After each question, you hopefully reduce your options, gaining information from each question outcome, and reducing entropy of your position.
Actually, we know the value of entropy we are starting with. If your friend is picking at random, we really have no clue about which character he picked. So we are in a uniform distribution case with $20$ possible outcomes.

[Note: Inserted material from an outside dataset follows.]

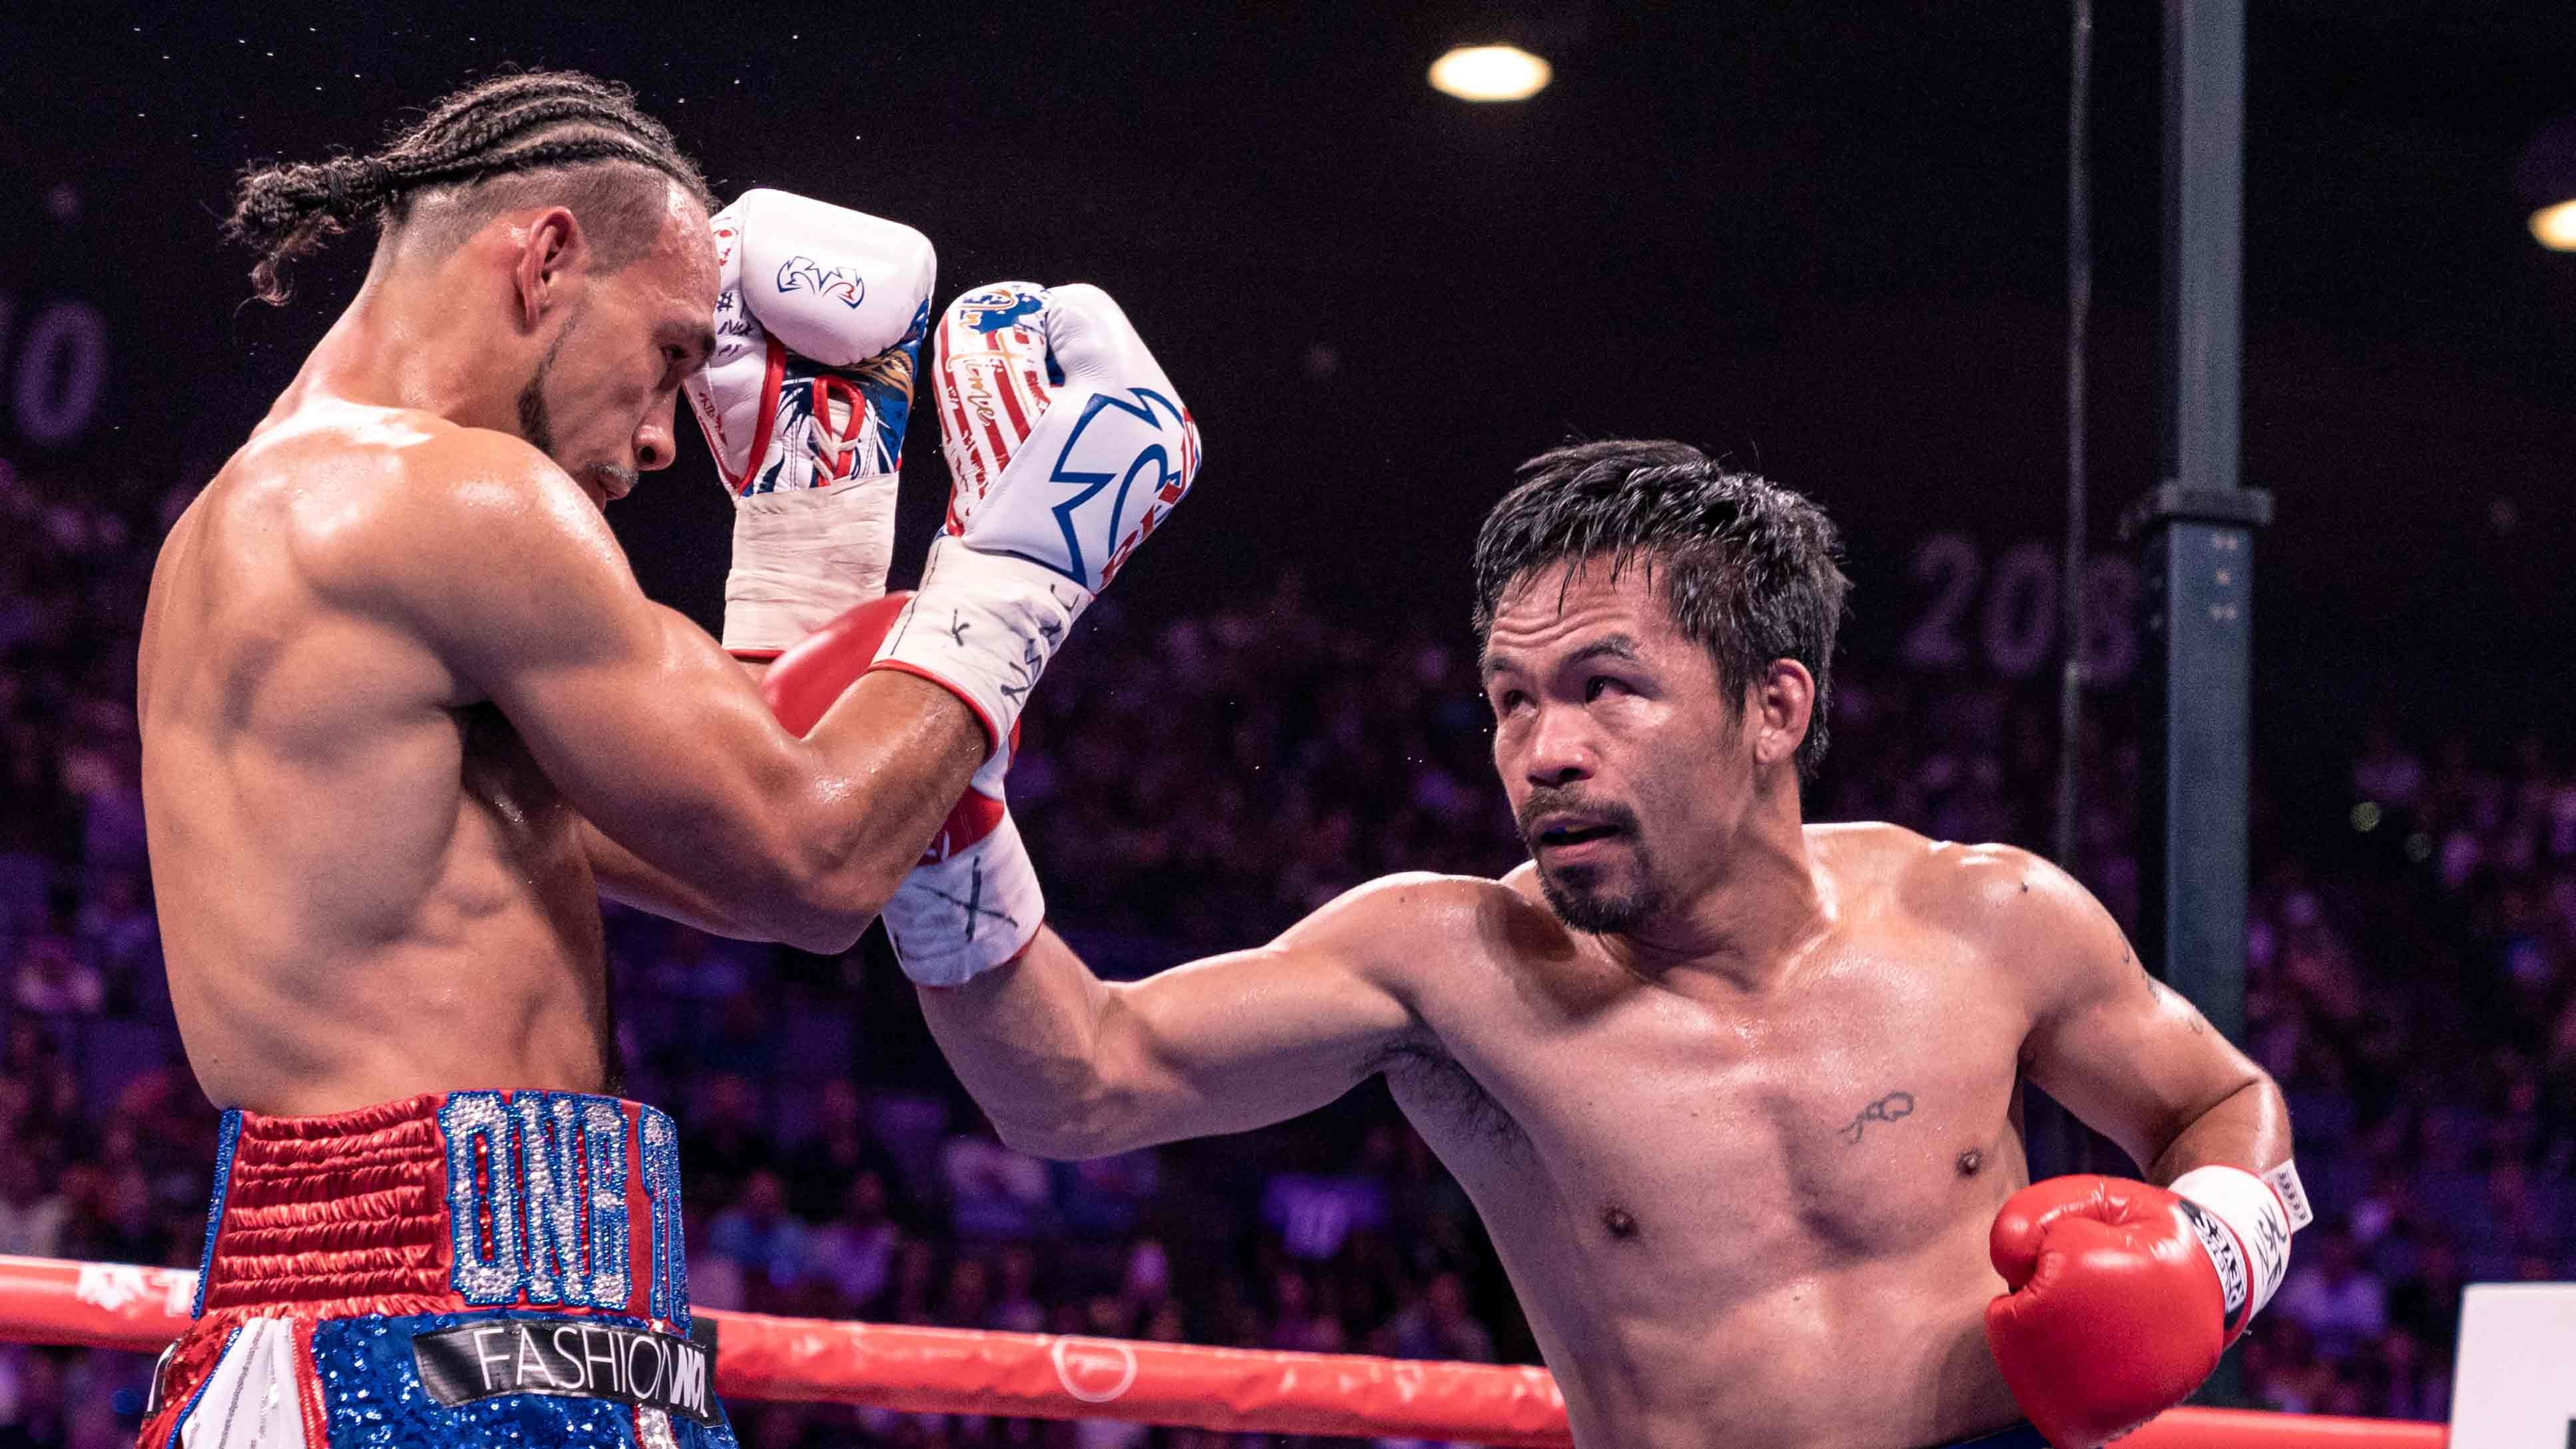 Manny Pacquiao - Next Fight, Fighter Bio, Stats & News
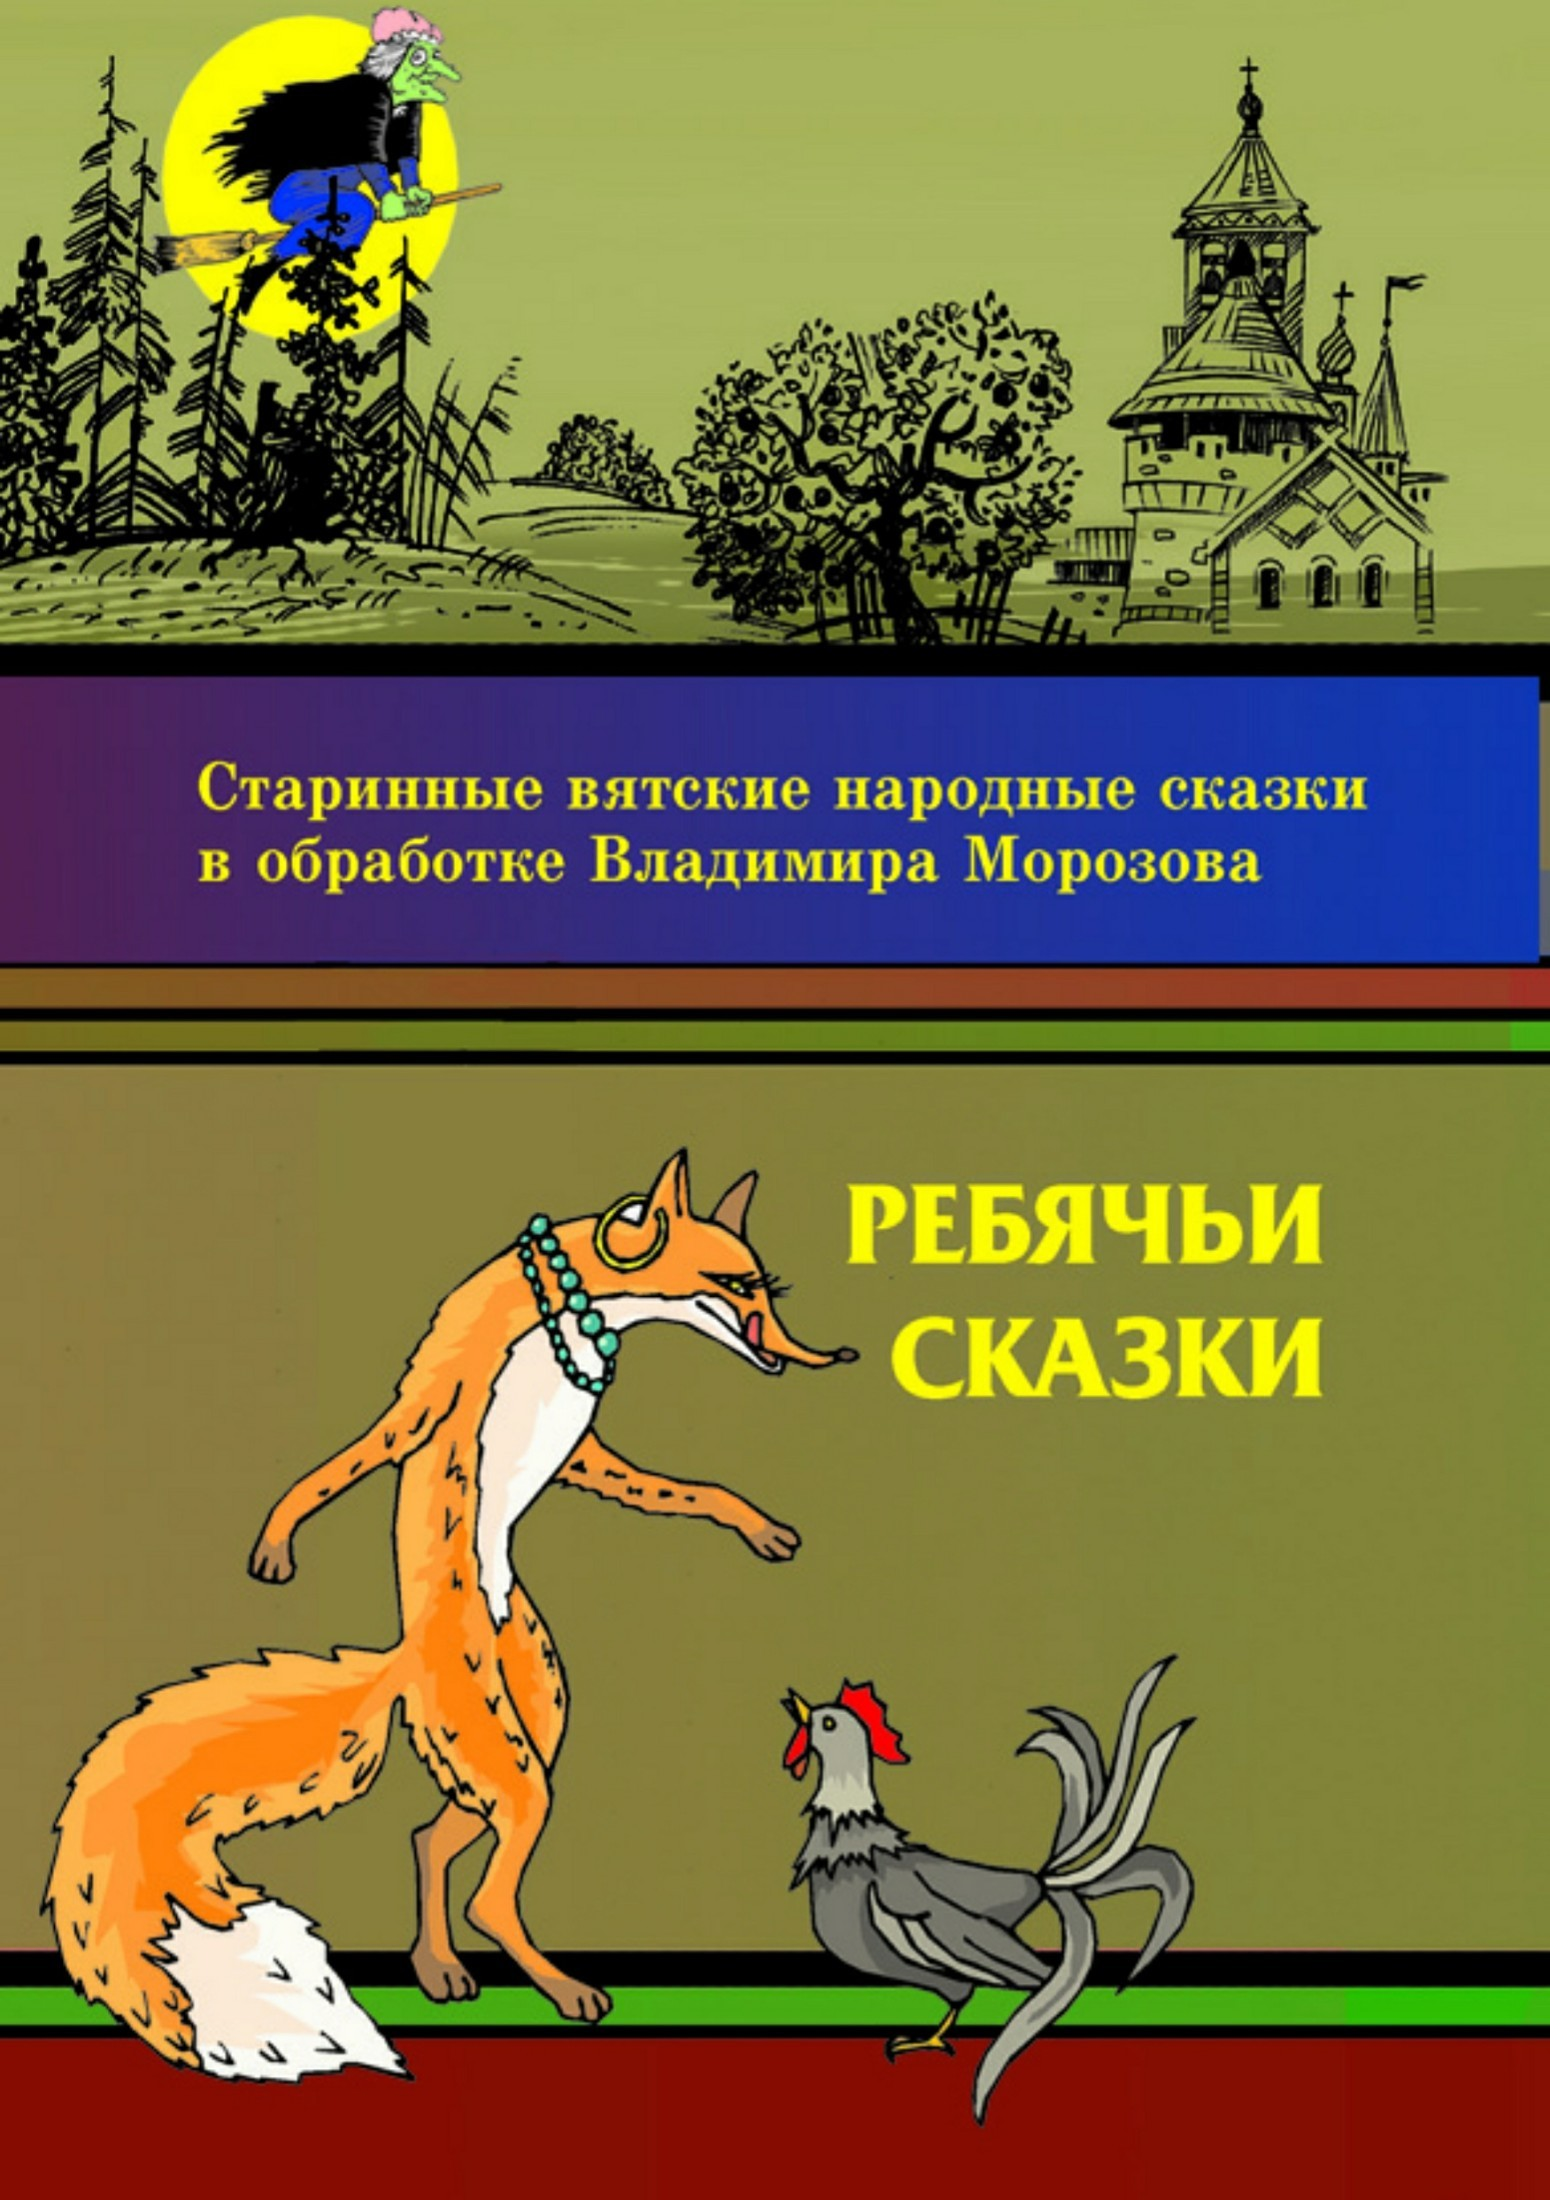 Владимир Морозов - Ребячьи сказки

The entropy hereby is:
$$ H(X) = 20 \frac{1}{20} \log_2(20) \approx 4.32 \text{ bits} $$
Here, I give you two utility functions to compute information and entropy.
# entropy
information = lambda p: -np.log2(p)
entropy = lambda p: np.sum(p * information(p))
Playing a dumb game
The game goal is here simple, we have $4.32$ bits of uncertainty and we can get information by asking questions. Every information we get from answers reduces the current entropy. Once the sum of the informations we got reaches $4.32$, we will be left with $0$ bit entropy, that is two say: only one possible case, our friend's pick.
Before thinking about what we should do to win as quick as possible, let's play like a child: ask random questions. I will use it to demonstrate what I said above: the interaction between information and entropy.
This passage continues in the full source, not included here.